We tried to mount GlusterFS replicated volume using NFS, rather than glusterfs/fuse and were pleasantly surprised. The read-performance improved dramatically -- and is in line with that of the NetApp NFS-server we are also using:

	Local FS		NetApp NFS		GlusterFS		GlusterNFS
	Average	Minimum	Average	Minimum	Average	Minimum	Average	Minimum
Small static file	1.532	0.513	4.027	0.916	27.81	7.184	5.591	1.394
Large static file	14.45	2.721	14.56	3.643	37.90	7.433	14.95	4.829

This suggests, the performance problem is not on the Gluster-servers, but on the client-side and I tried to use the profiler. Although the software is not easily profilable due to its use of shared libraries, partial coverage is possible... Here is what I did:

% env LDFLAGS="-pg" CFLAGS="-pg -O2 -march=core2 -pipe -fno-strict-aliasing -g" ./configure --enable-static% make% cd glusterfsd/src% cc -pg -o glusterfsd.profilable *.o -lpthread ../../rpc/xdr/src/*.o ../../rpc/rpc-lib/src/*.o -lcrypto -lz ../../libglusterfs/src/*.o ../../xlators/mount/fuse/src/*.o -L ../../libglusterfs/src/.libs/ -lglusterfs -L ../../rpc/rpc-lib/src/.libs -lgfrpc -L ../../rpc/xdr/src/.libs -lgfxdr% ln -s glusterfsd.profiled glusterfs% ./glusterfs --no-daemon ......

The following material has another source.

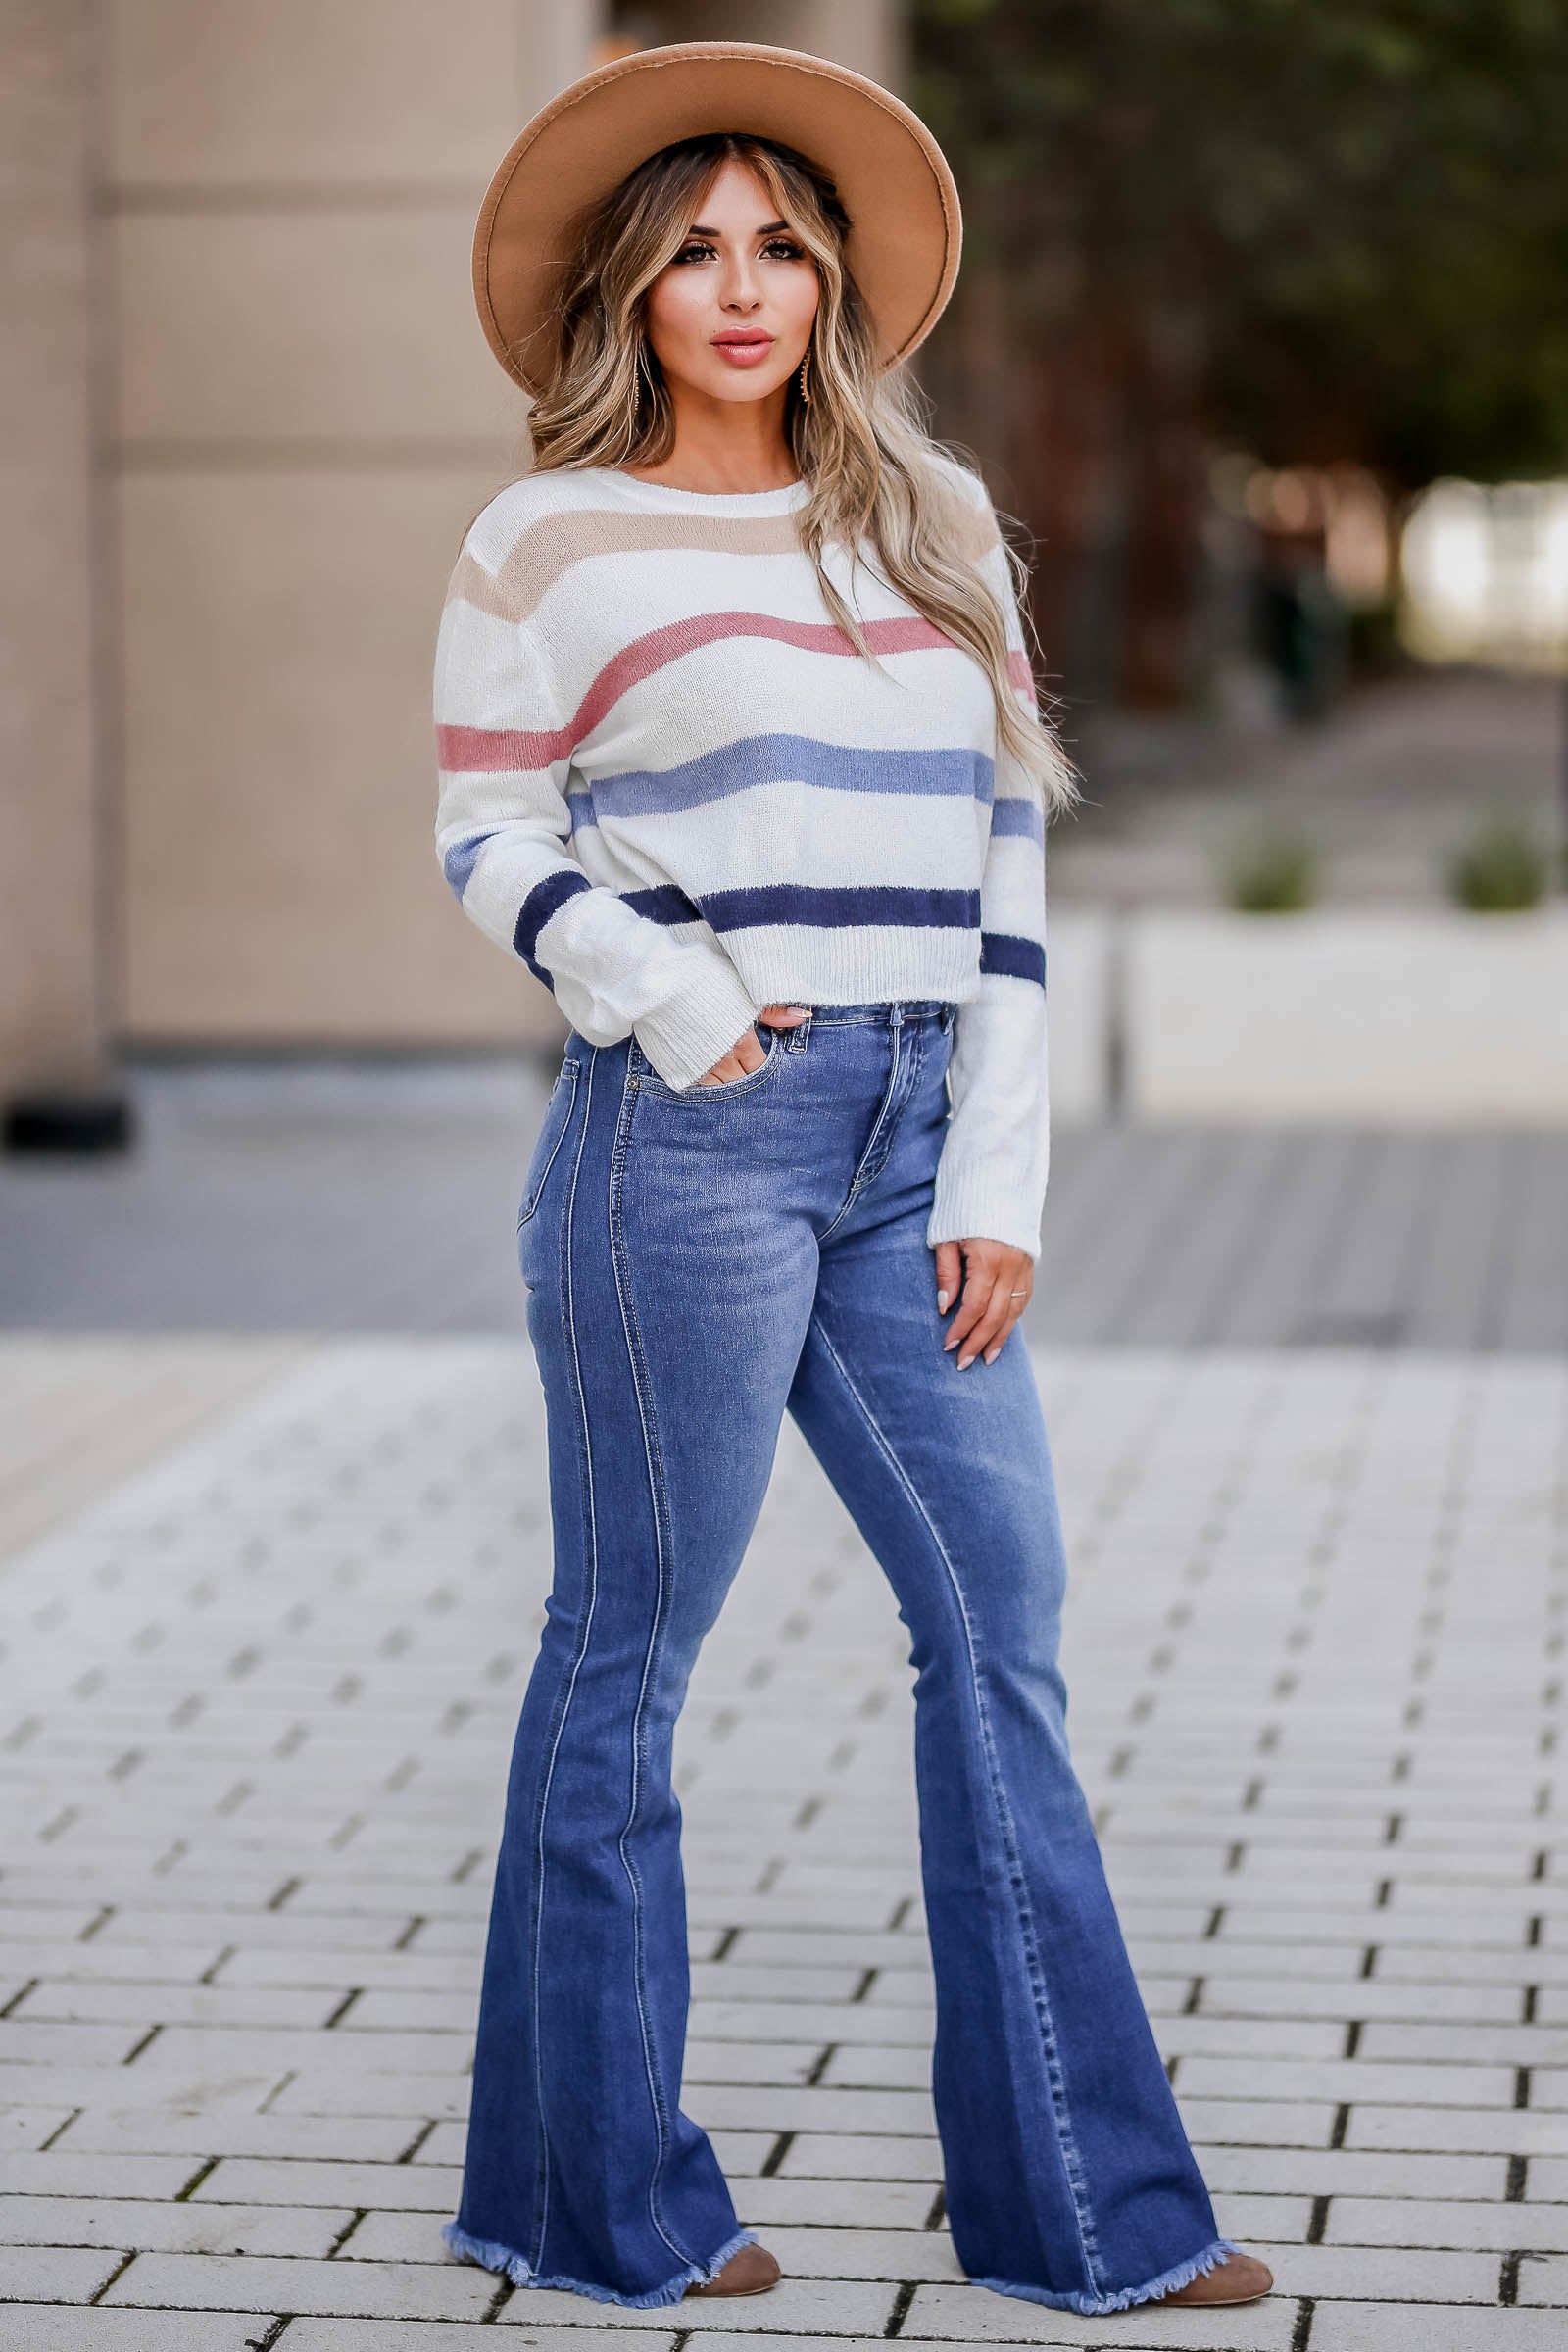 Better in Color Striped Sweater - Multi

I then ran some tests for two minutes and umounted the share. The resulting gmon.out does not cover any calls, that took place in the explicitly dlopen-ed objects (like fuse.so), but everything else is included: my glusterfsd.profilable executable does not use shared libraries for its own work, it links explicitly with the .o-files. (The shared libs are needed only to be able to dlopen various "xlators", which expect certain symbols to be available.)

Now, my testing did repeated requests of two files -- for one minute each. First a tiny 430-byte file, and then a bigger 93Kb one. In 122 seconds there were about 55K file-transfers and glusterfs-process accumulated 135 seconds of CPU-time... According to gprof, these 55K transfers resulted in 597971 calls to each of the rpc_clnt_notify and rpc_transport_notify, each accounting for over 34% of the total time.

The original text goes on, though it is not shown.